1 A compute node represents a self-contained computer unit in a cluster, consisting of external storage, networking, memory, and processing resources. Each node runs its own instance of an operating system and is connected to other compute nodes via a network connection.

1.1 Research Goals

Considering the above discussions, this work focuses on efficiently utilizing the available on-node parallelism on modern computer architectures for mesh adaptation using shared-memory parallel graph coloring algorithms. Furthermore, methods from both graph theory and mesh adaptation are utilized to increase the performance of Process TCAD simulations. The conducted research focuses especially on the following topics:

  • • Evaluation of available serial and shared-memory parallel graph coloring algorithms.

  • • Development of a coarse-grained shared-memory parallel mesh adaptation framework based on graph coloring algorithms, which is capable of applying available serial meshing algorithms in parallel.

  • • Implementation of a partitioning approach for surface meshes in order to enhance the computational performance in semiconductor etching simulations.

1.2 Research Setting

The research presented in this work was conducted within the scope of the Christian Doppler Laboratory for High Performance Technology Computer-Aided Design. The Christian Doppler Association funds cooperations between companies and research institutions pursuing application-orientated basic research. In this case, the cooperation was established between the Institute for Microelectronics at the TU Wien and Silvaco Inc., a company developing and providing electronic device automation and TCAD software tools.

1.3 Thesis Outline

In the following a brief overview of the structure of the thesis is given:

Chapter 2 provides a formal introduction into the topics of graphs and graph theory as well as meshing and mesh adaptation. The chapter ends with an overview of modern computer architectures and parallel processing/programming methods.
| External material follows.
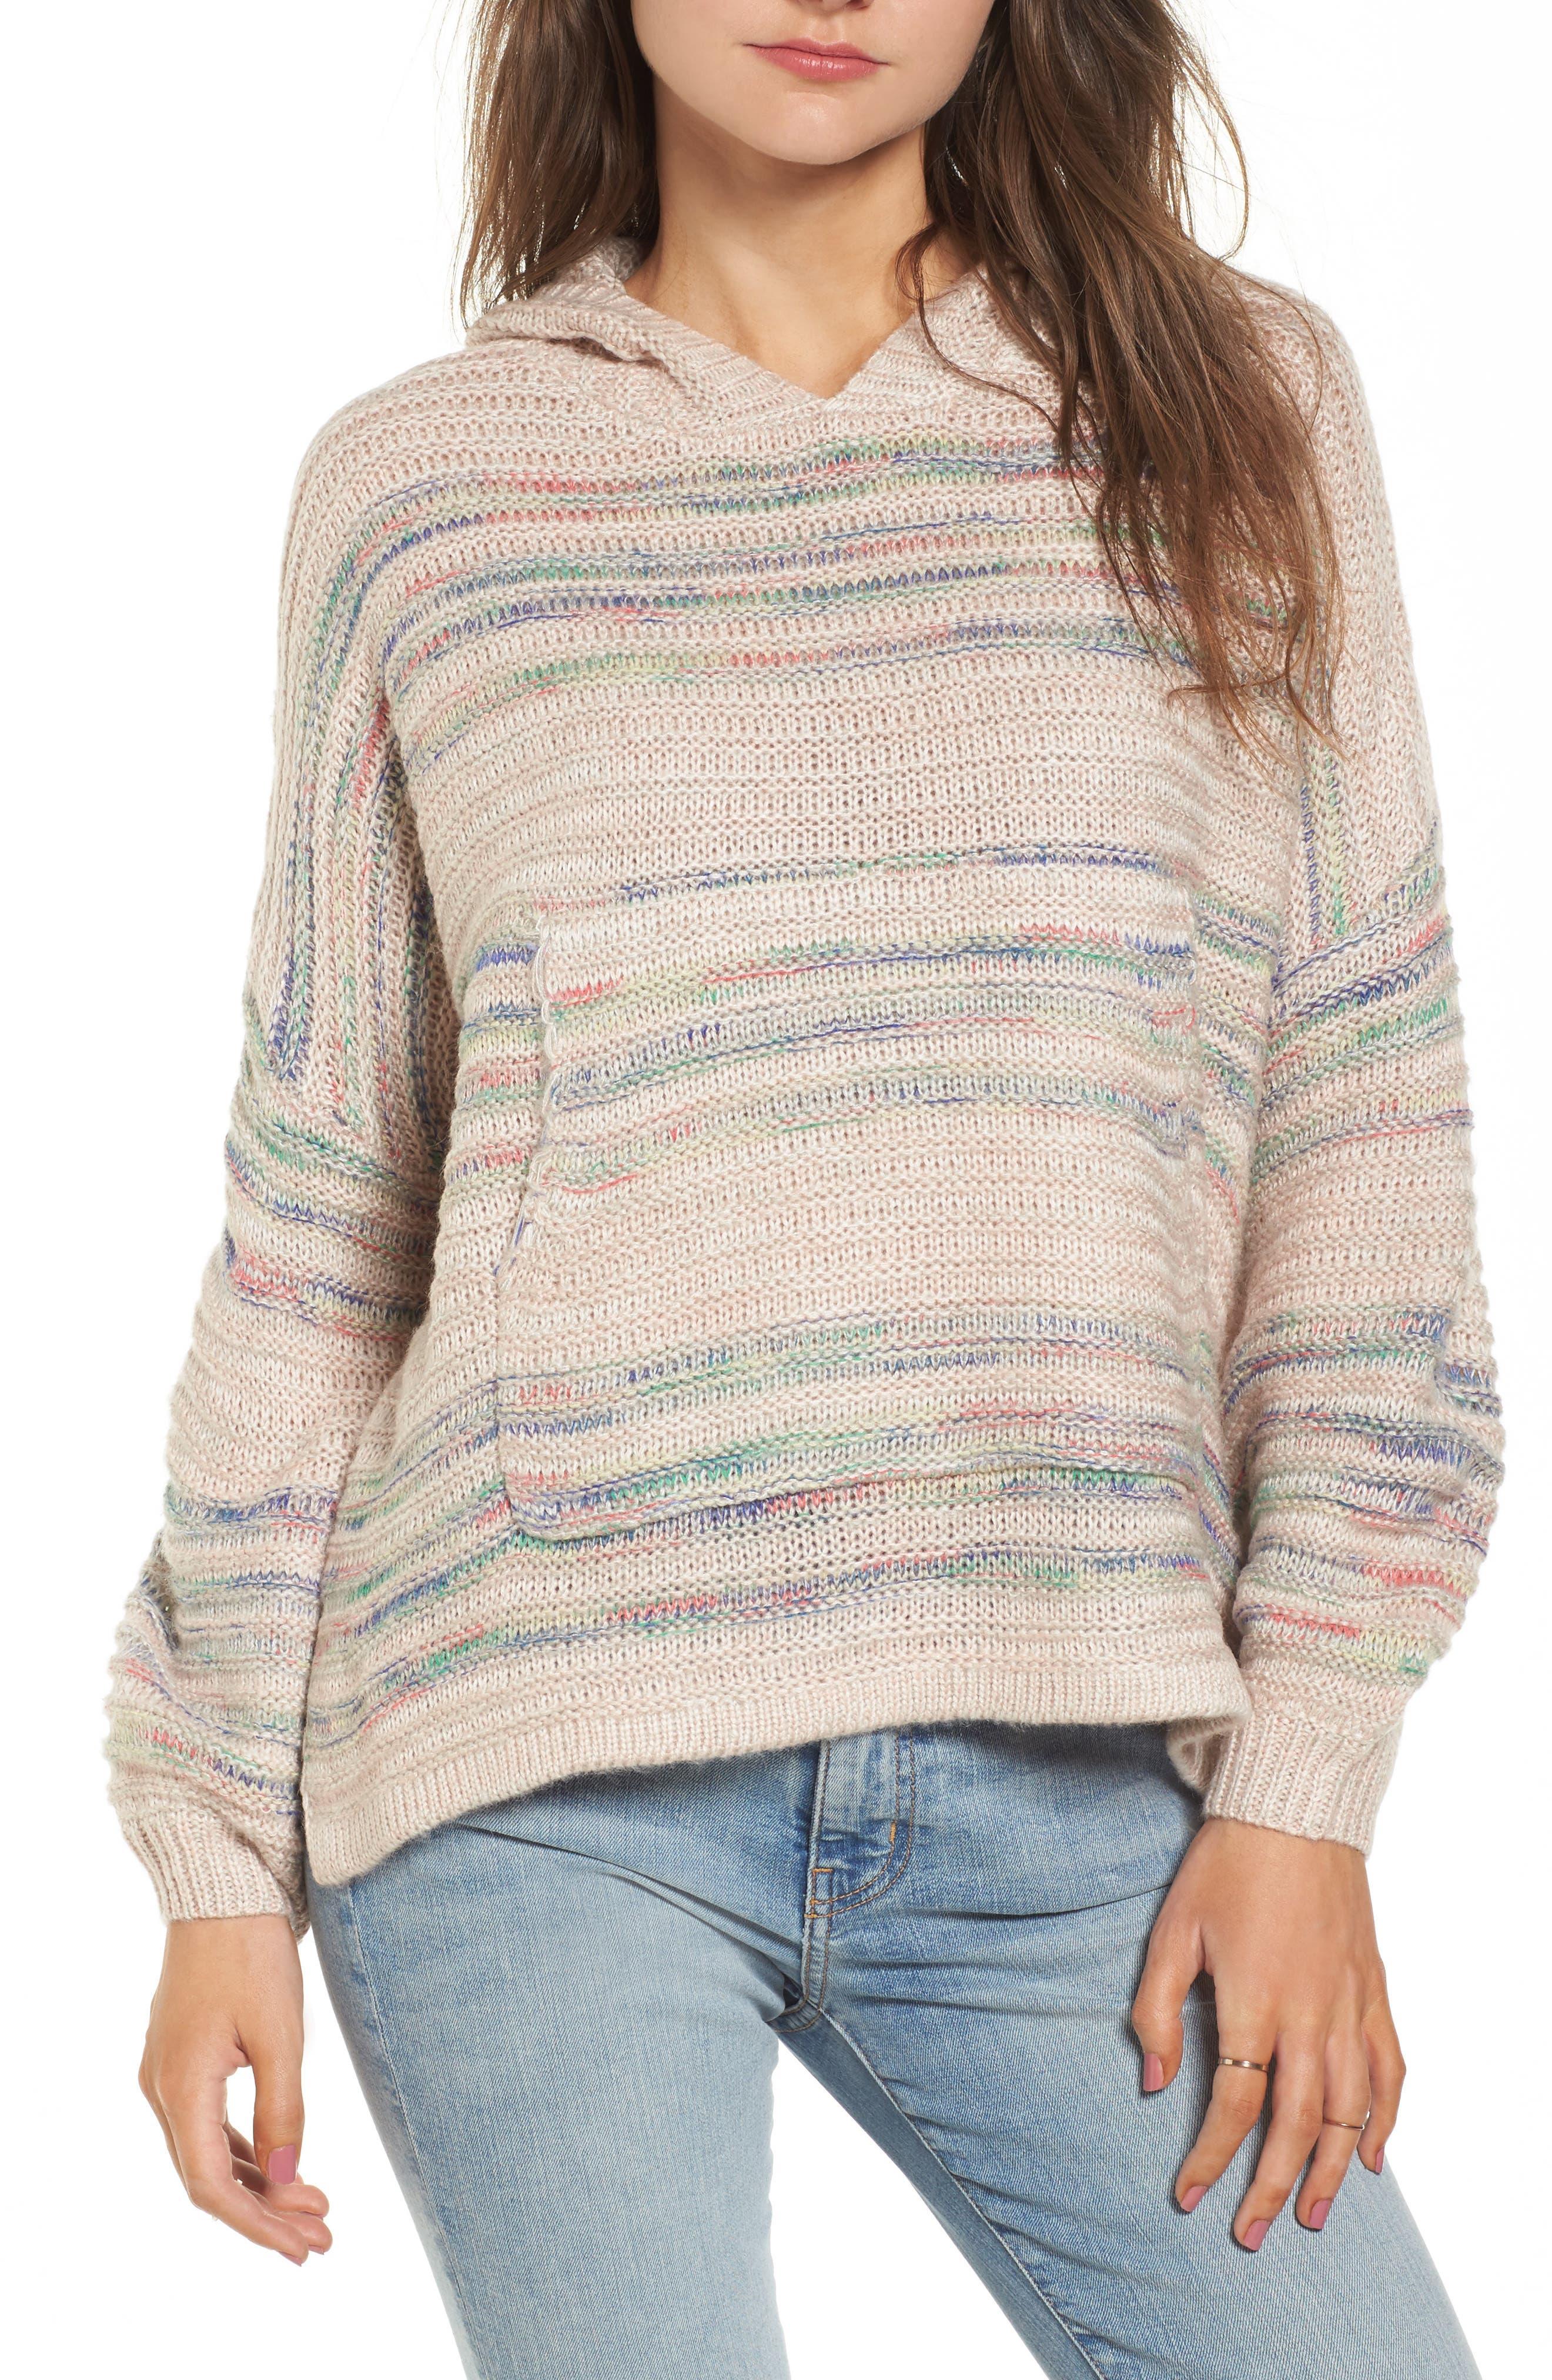 Oversized Sweater Knit Hoodie,                         Main,                         color, Multi Yarn
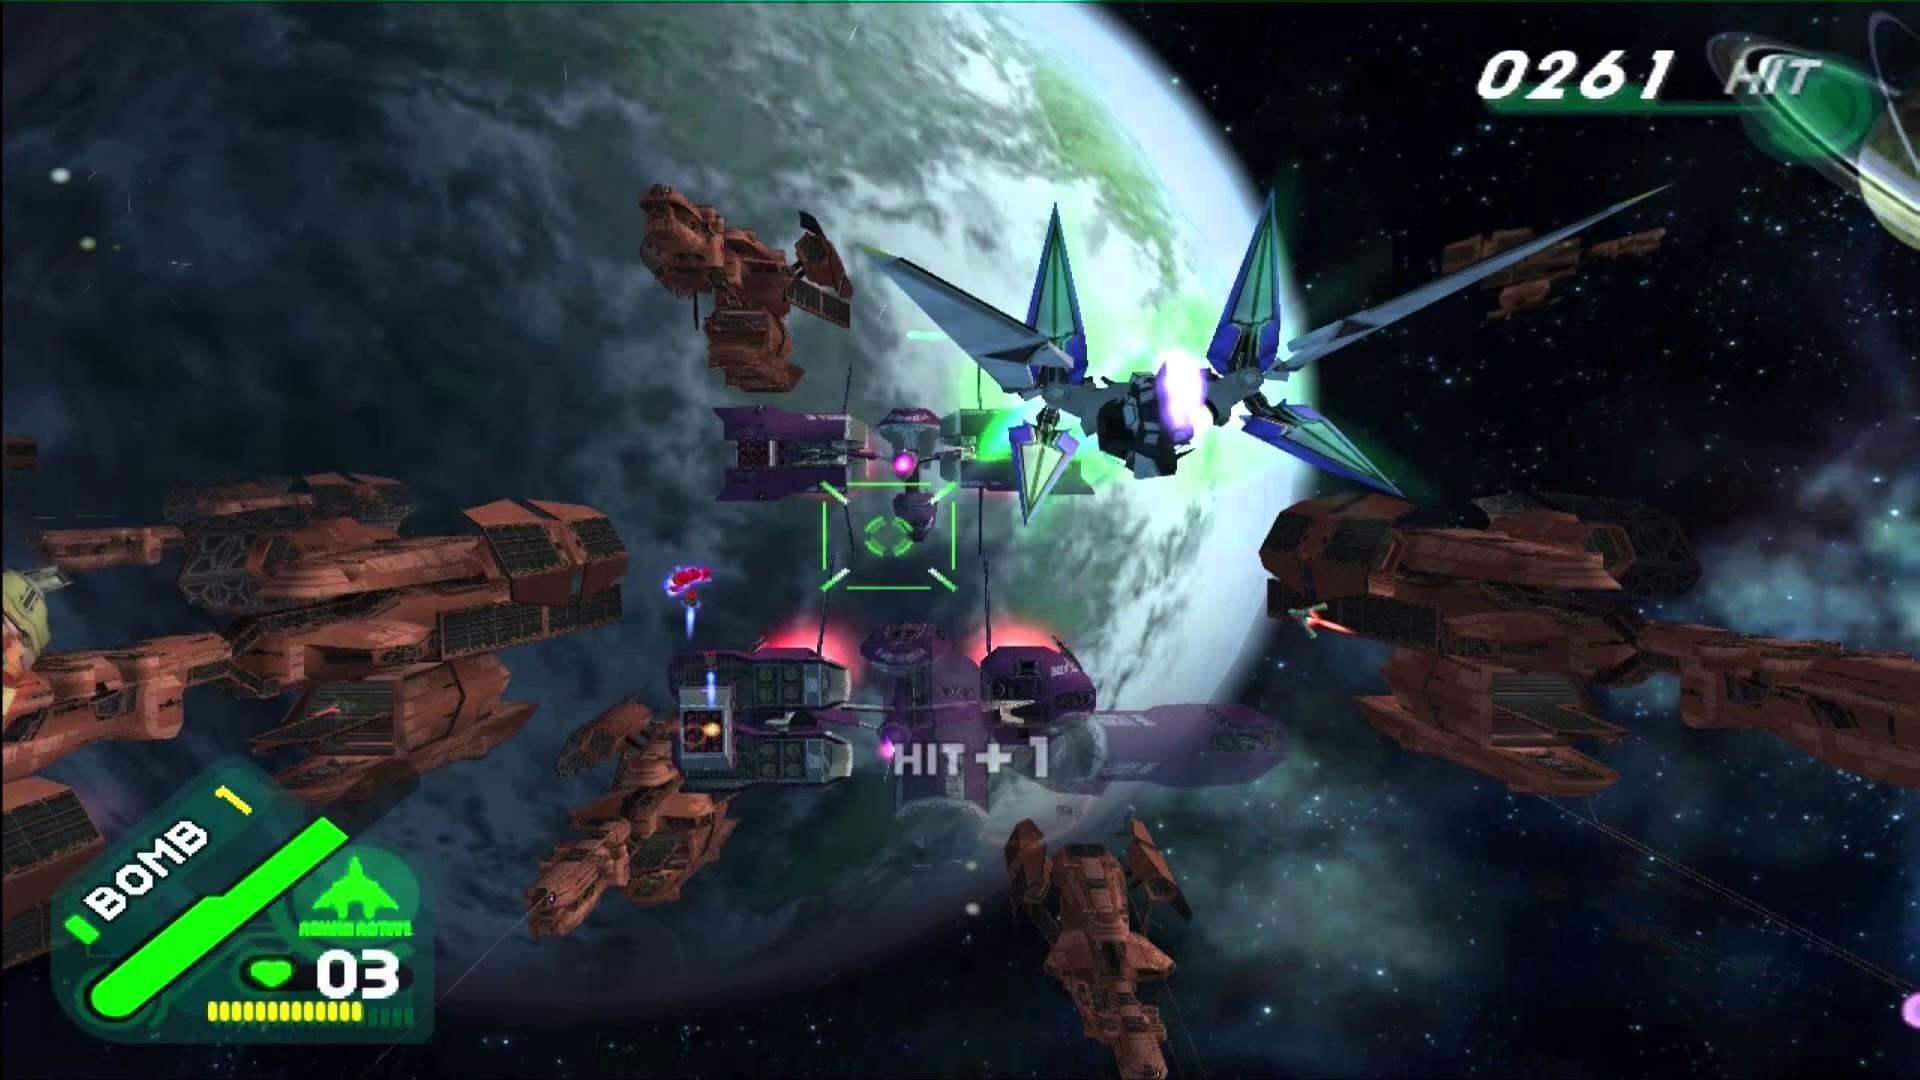 Star Fox Assault – Dolphin HQ Test Video

Chapter 3 introduces the distance-1 graph coloring problem commonly found in computational science and engineering. An overview of different approaches of solving the graph coloring problem is given, including exact and approximative algorithms. A particular focus is on available state-of-the-art general-purpose shared-memory parallel coloring algorithms for balanced and unbalanced graph coloring. The chapter continues with an evaluation of various algorithms regarding coloring quality and computational performance.

Chapter 4 investigates shared-memory parallel mesh adaptation frameworks. In particular, the requirements and challenges of such a framework are discussed followed by an overview of available shared-memory parallel meshing frameworks. Finally, a novel coarse-grained shared-memory parallel mesh adaptation framework utilizing available serial algorithms in parallel, based on mesh partitioning and graph coloring, is presented together with a discussion of the included software libraries.

Chapter 5 presents a related method to improve the performance of a multi-material Process TCAD etching simulation. The approach is based on a partitioning of the surface mesh conducted by creating a suitable subset of the surface mesh elements. The developed method outperforms a full evaluation using all mesh elements and simultaneously keeping the introduced error quite small.

Chapter 6 gives a brief summary and concludes with ideas for future work.